- Task directions -
What you should repeat is the run of lines from the top of the listing below through the line with "Pharmaceutical Cv Examples Elegant", exactly, with no pictures.

- Dataset section -
=== Begin Enclosure ===

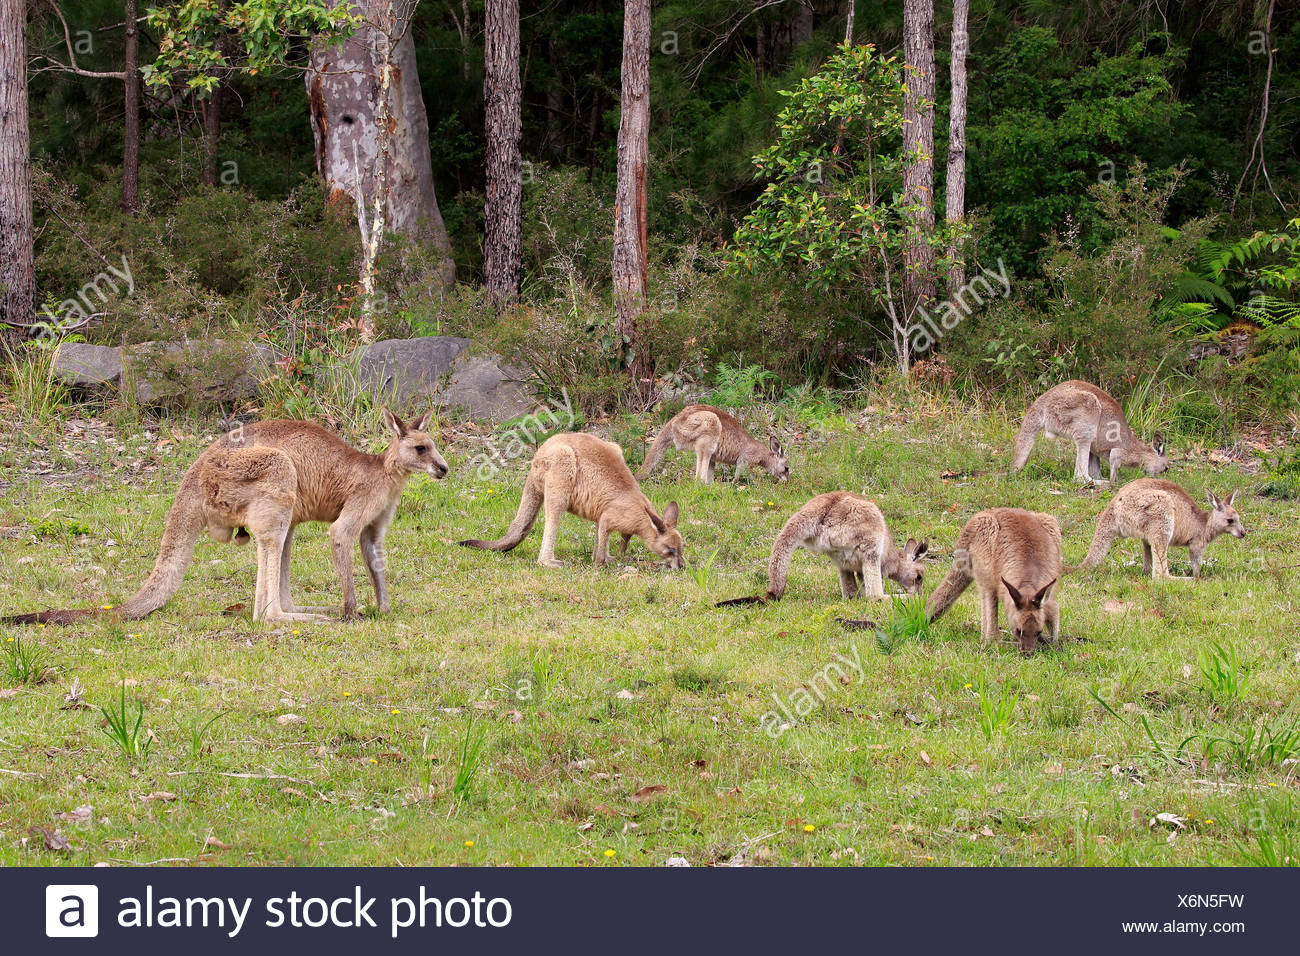 Eastern Gray Kangaroo (Macropus giganteus), group feeding, foraging, Merry Beach, Murramarang National Park, New South Wales - Stock Image
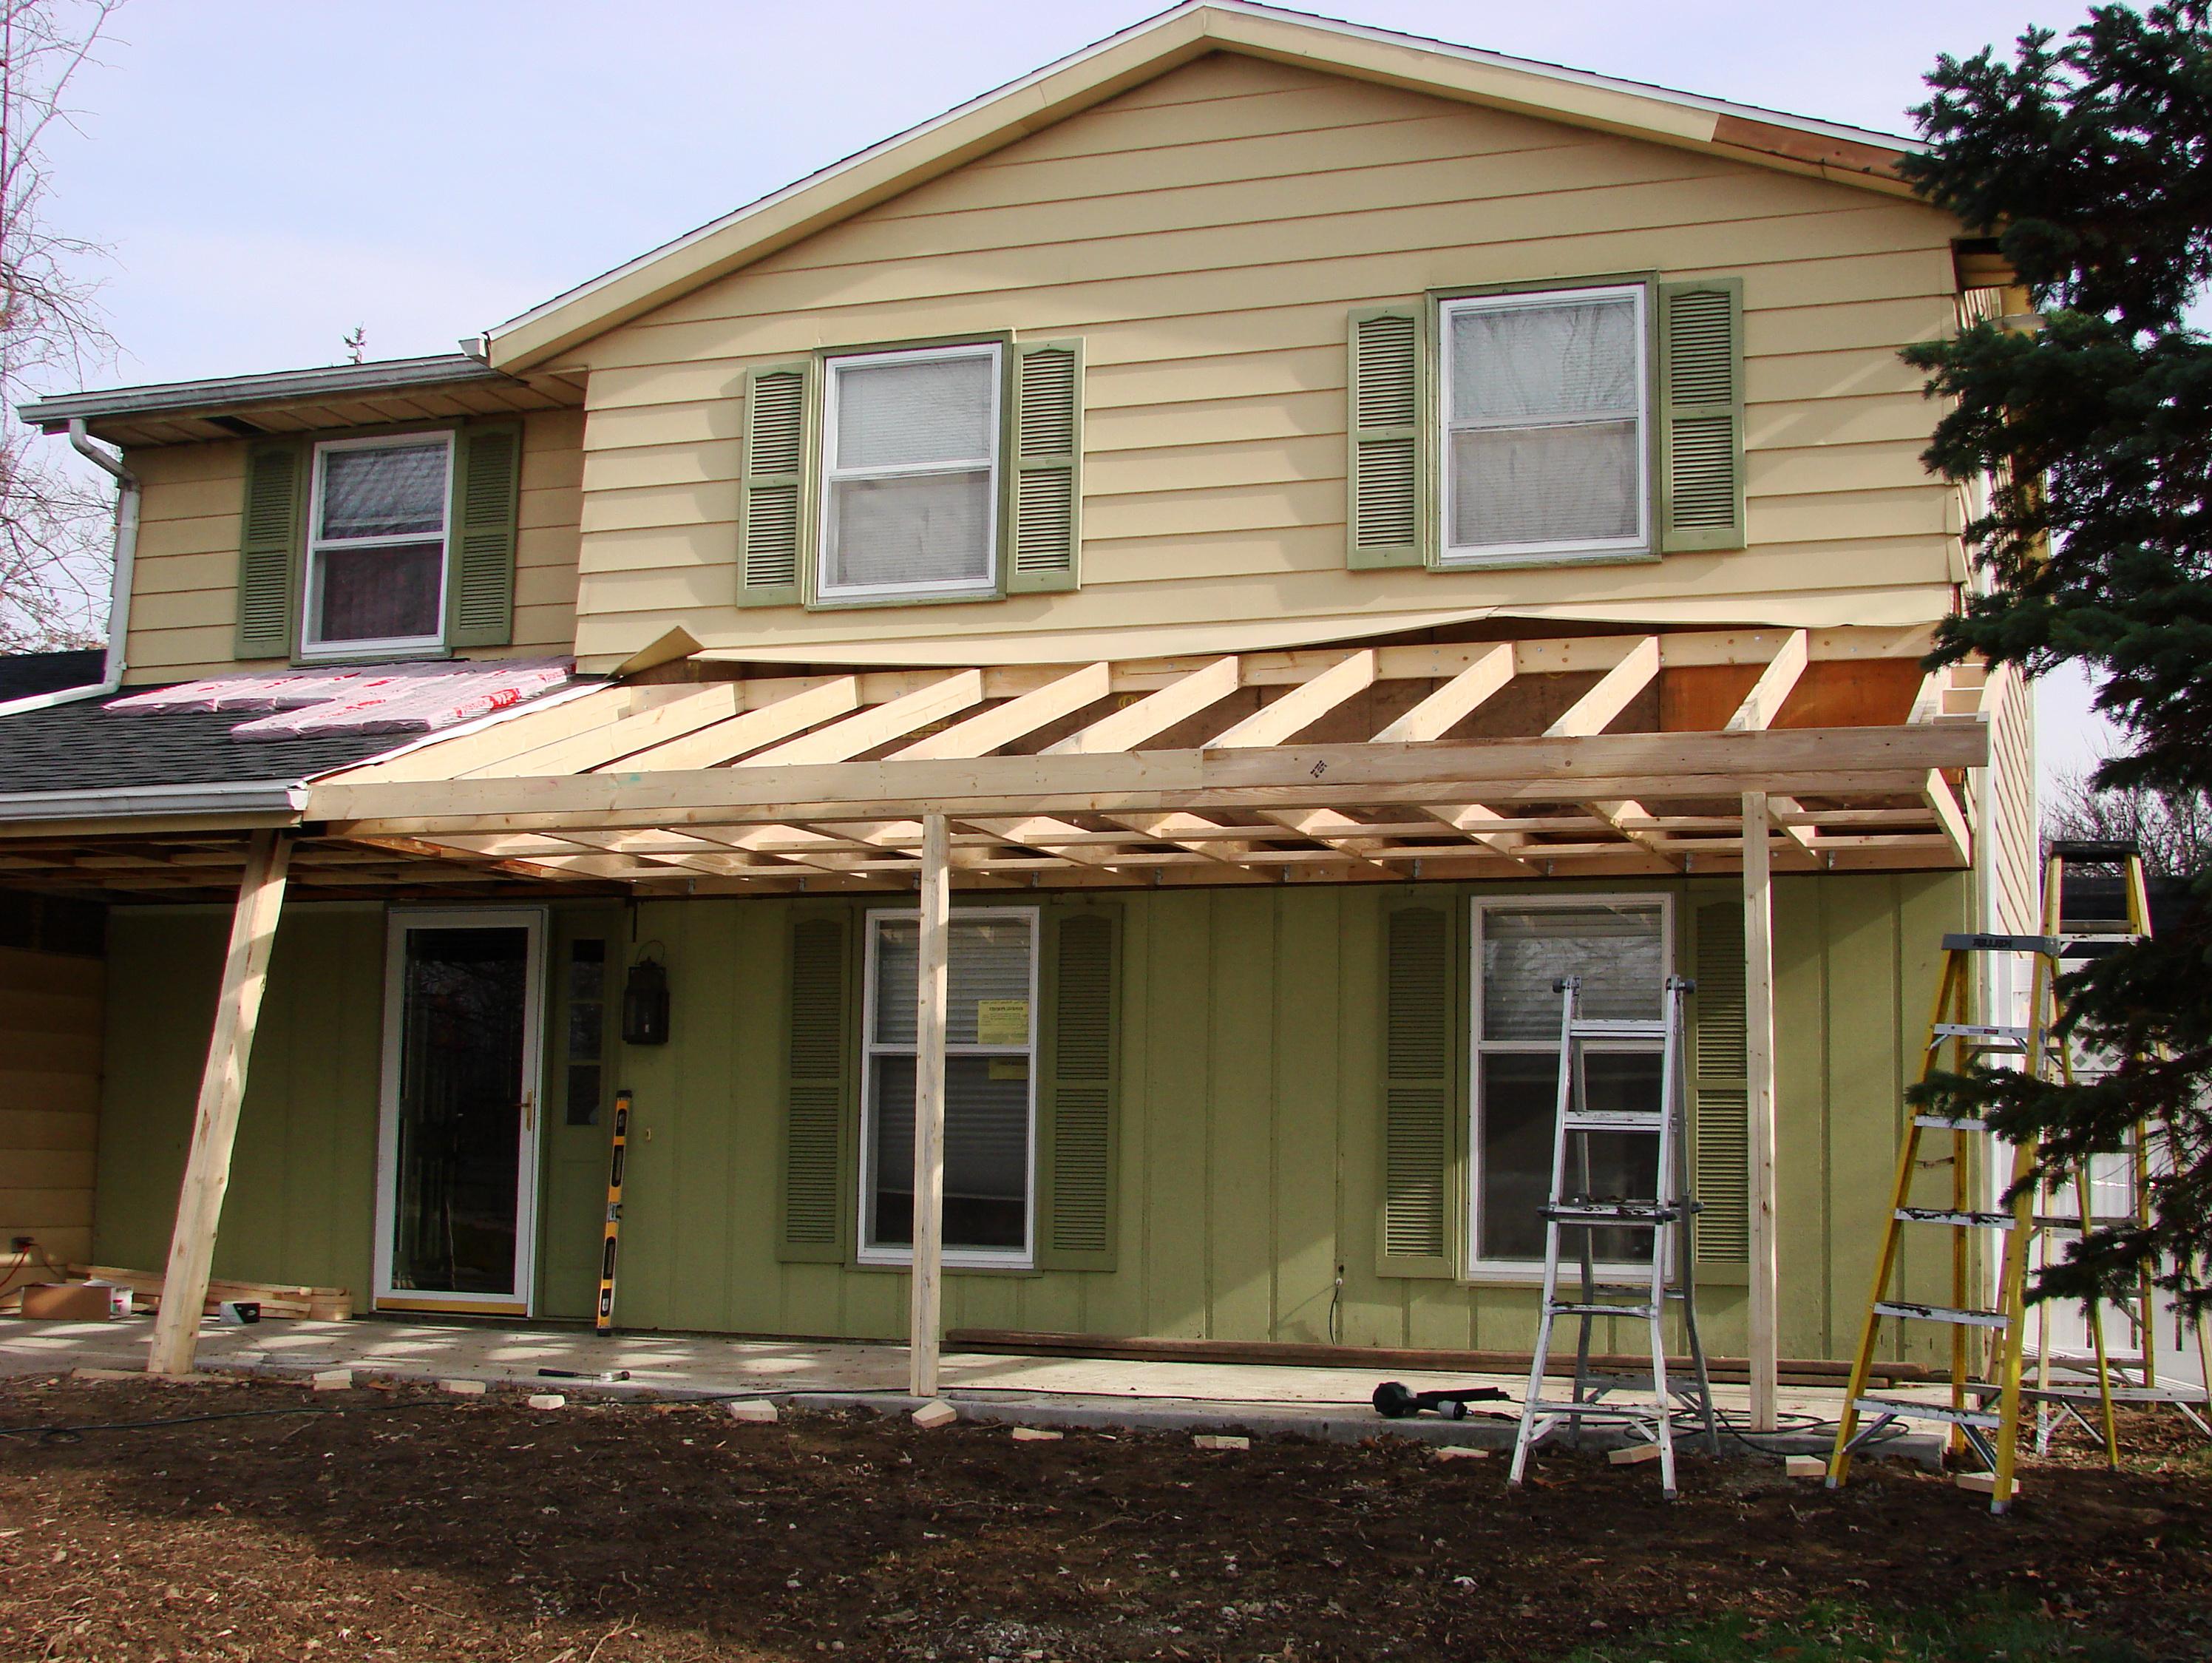 porch roof construction details home design ideas regarding size 2992 x 2249 - Porch Roof Framing
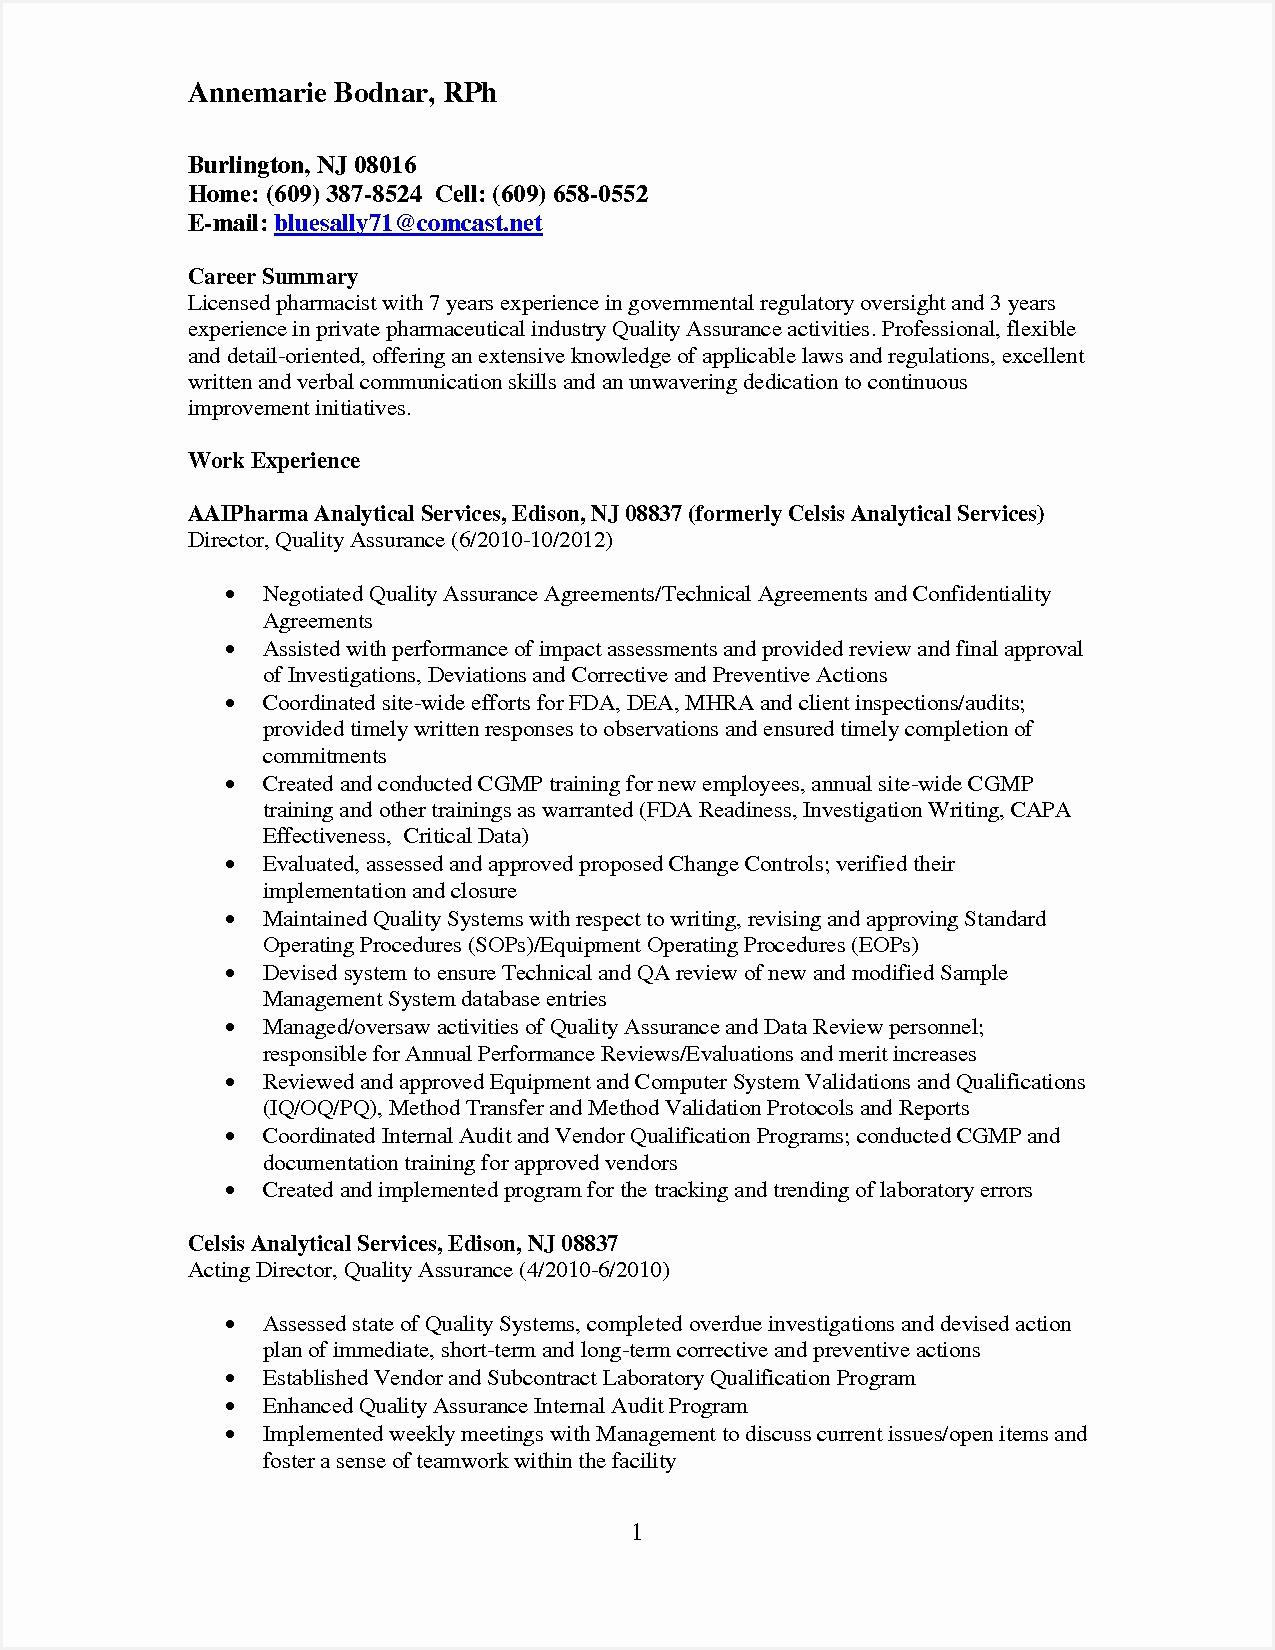 Pharmaceutical Cv Examples Elegant Tester Resume Resume format Pdf software Testing Help Pharmaceutical Cv Examples16501275
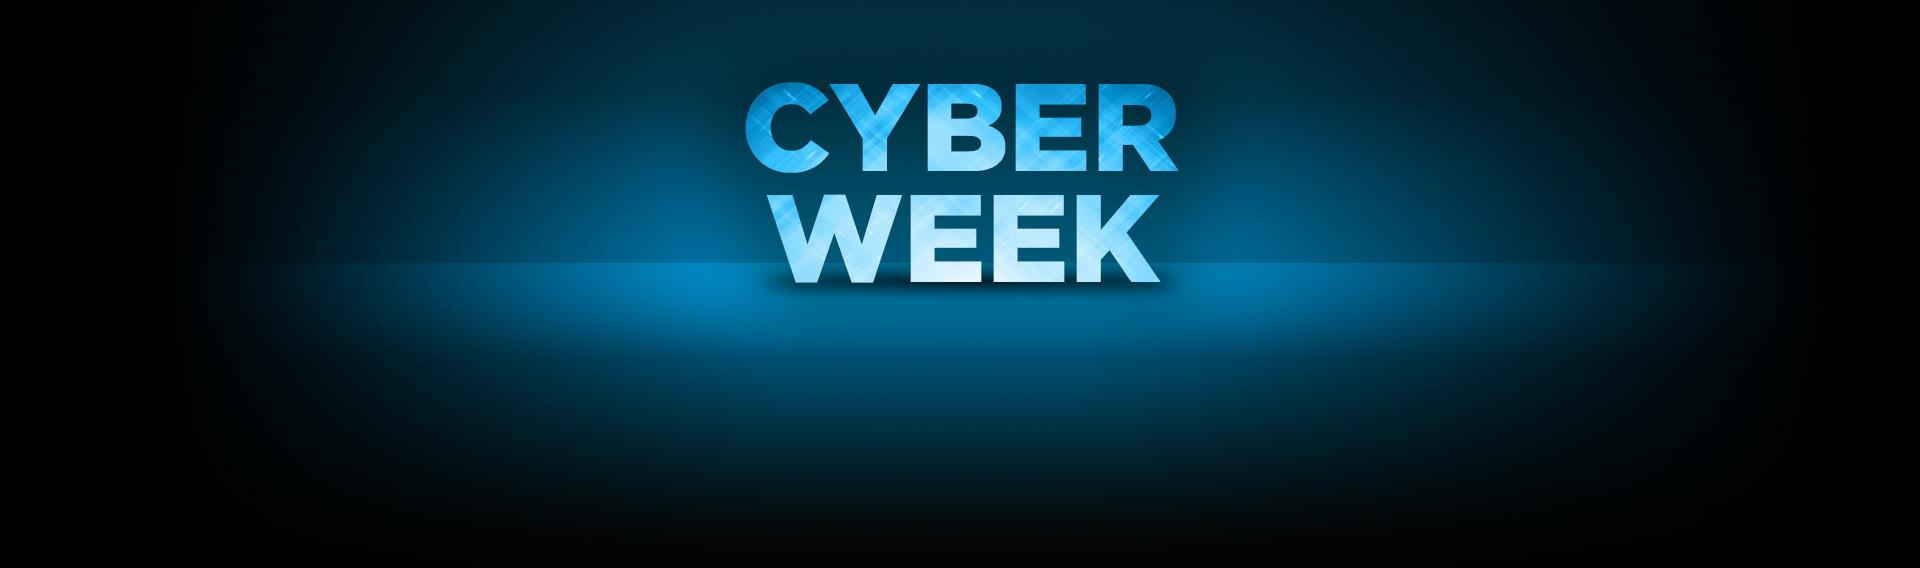 Cyber Week. 12 cuotas sin interés

=== End Enclosure ===

- Completed task -
 Eastern Gray Kangaroo (Macropus giganteus), group feeding, foraging, Merry Beach, Murramarang National Park, New South Wales - Stock Image
 porch roof construction details home design ideas regarding size 2992 x 2249 - Porch Roof Framing
 Pharmaceutical Cv Examples Elegant Tester Resume Resume format Pdf software Testing Help Pharmaceutical Cv Examples16501275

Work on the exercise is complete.